Para se fazer um rápido panorama do cenário social atual vivenciado por esse sujeito (no caso, um jornalista que trabalha em redação de veículo pernambucano) estão temas locais como os assustadores níveis de assassinato na capital pernambucana, o extremo nível de pobreza e miséria na maioria das cidades do interior do Estado. Também notícias que envolvem todo o País como o desenvolvimento do mercado comum da América do Sul, o Mercosul, a perspectiva da formação da Alca (Área de Livre Comércio da América), os escândalos políticos em todos os níveis do poder público, os conflitos nos países vizinhos da Colômbia, Venezuela e Haiti e a (ainda) delicada situação econômica da Argentina.

Se estendermos o raio de alcance para o nível global, teremos a preocupação com o terrorismo (após os ataques a grandes centros urbanos, como Nova Iorque, Washington, Madri e Londres), a reação ao chamado imperialismo americano e as recentes guerras que o envolveram (Kuwait e Iraque), os entraves políticos e econômicos da União Européia, a ascendência no cenário mundial da potência chinesa, os conflitos civis em países africanos como Uganda, Nigéria e Moçambique, a independência do Timor Leste, a guerra da Bósnia, os conflitos infidáveis no Oriente Médio, a revolução biogenética e o fenômeno das celebridades instantâneas.

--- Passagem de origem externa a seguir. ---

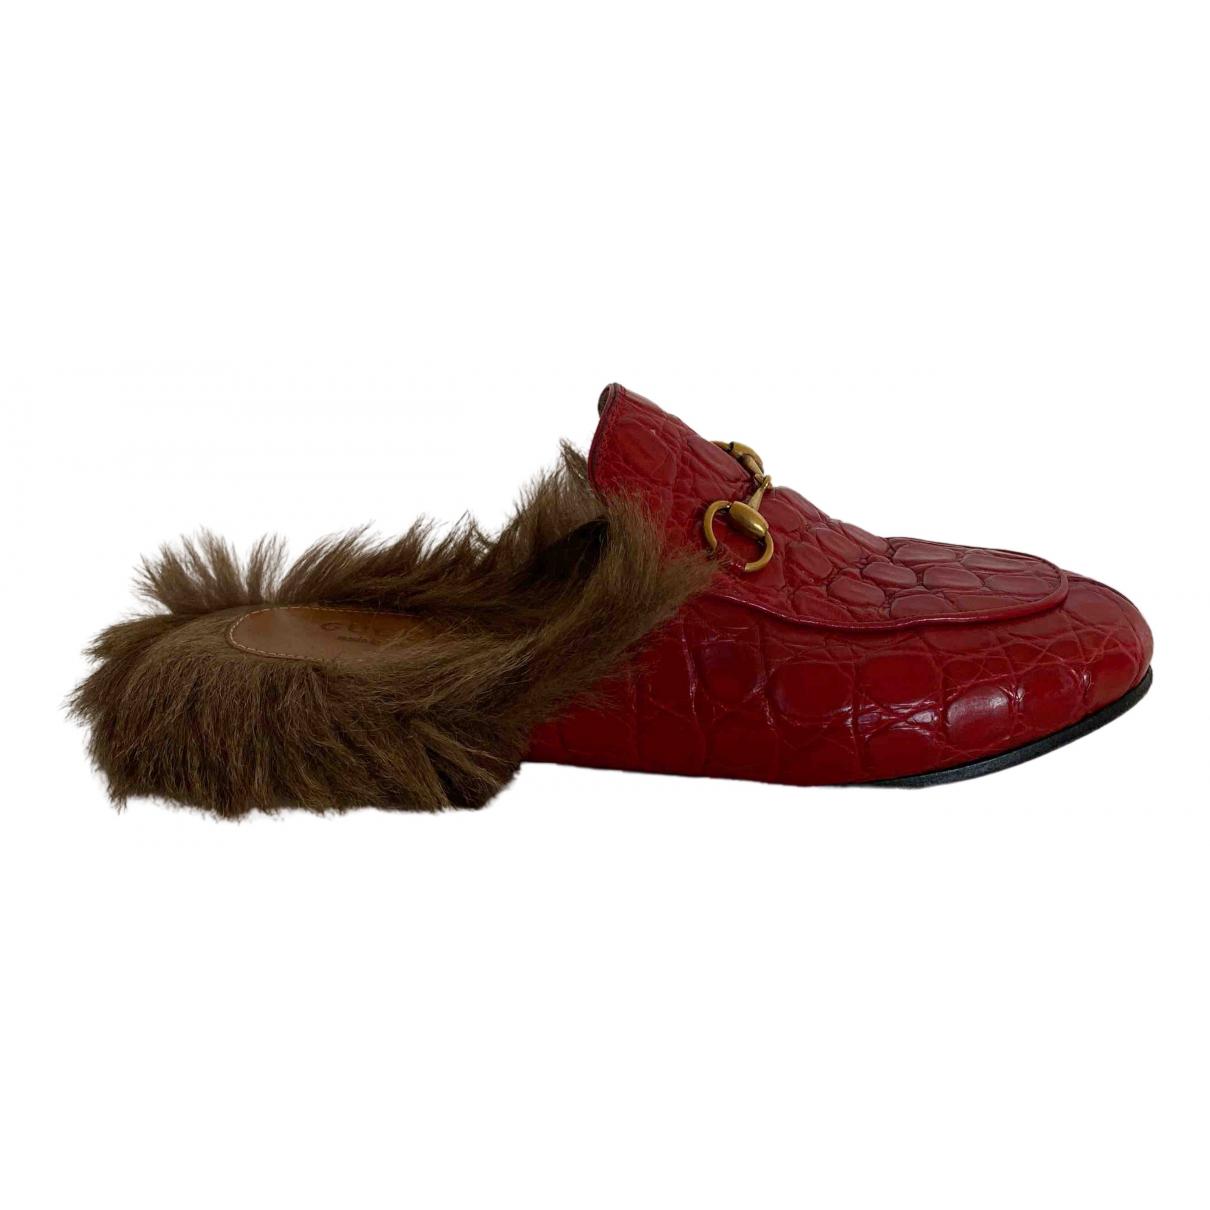 Gucci Princetown Mokassins in  Rot Krokodil

Para se chegar ao atual cenário em que se desenha o contexto amplo, uma série de revoluções em diferentes campos (tecnologia, mercados, demografia, desenvolvimento e valores éticos) foi observada e acabou por contribuir para a configuração que hoje conhecemos nas áreas econômicas, políticas e sociais como um

todo. O que pode parecer um despropósito para este trabalho, revela-se de suma importância para que se amplie o raio de análise desse estudo, pois o fruto dessas revoluções que serão descritas nos parágrafos seguintes foram as preocupações que se transformaram no foco de ação social da maioria das empresas na atualidade.

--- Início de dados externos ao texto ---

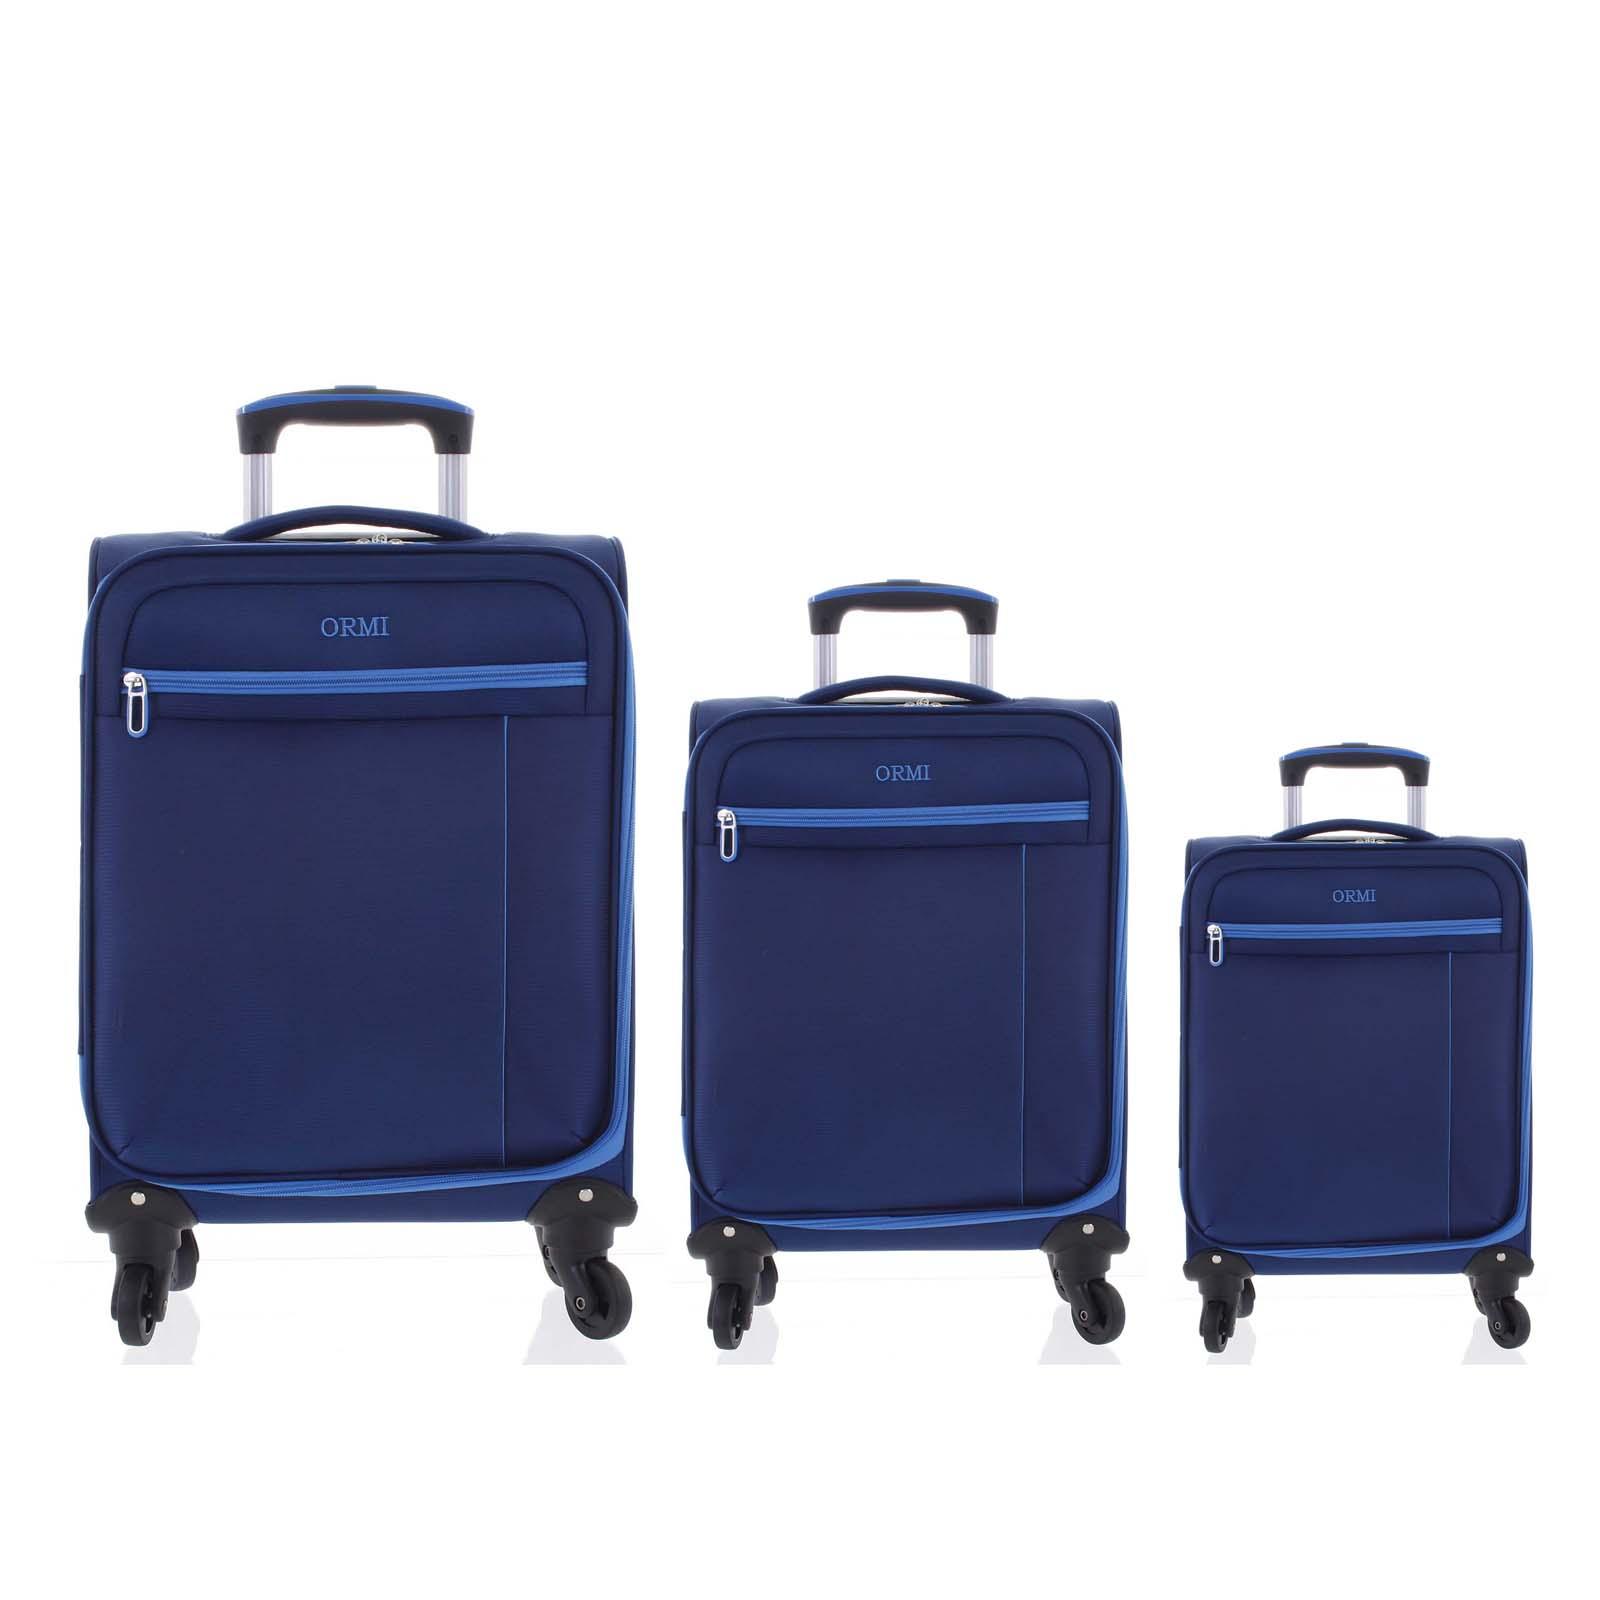 Kvalitní elegantní látkový modrý cestovní kufr sada - Ormi Mada L, M, S

A primeira dessas “revoluções” a ser lembrada ocorreu no campo das inovações tecnológicas. A convergência das tecnologias de telecomunicações e de informação criou uma série de inter-relações sem precedentes conhecidos na história da humanidade – nas empresas, entre as empresas e as cadeias de suprimento, entre as empresas e os clientes e entre os próprios clientes. A simples possibilidade de obter, transmitir e processar informações cresceu demais por causa do aumento da capacidade das telecomunicações e da velocidade dos computadores e do desenvolvimento da tecnologia da internet. A comunicação ficou mais rápida32 e também mais barata33. Computadores que exigiam uma sala inteira nos anos 60 hoje podem ser usados em casa, no carro ou num parque. Isso acabou por gerar um fluxo de ações de comunicação infinitamente superior ao visto poucas décadas atrás.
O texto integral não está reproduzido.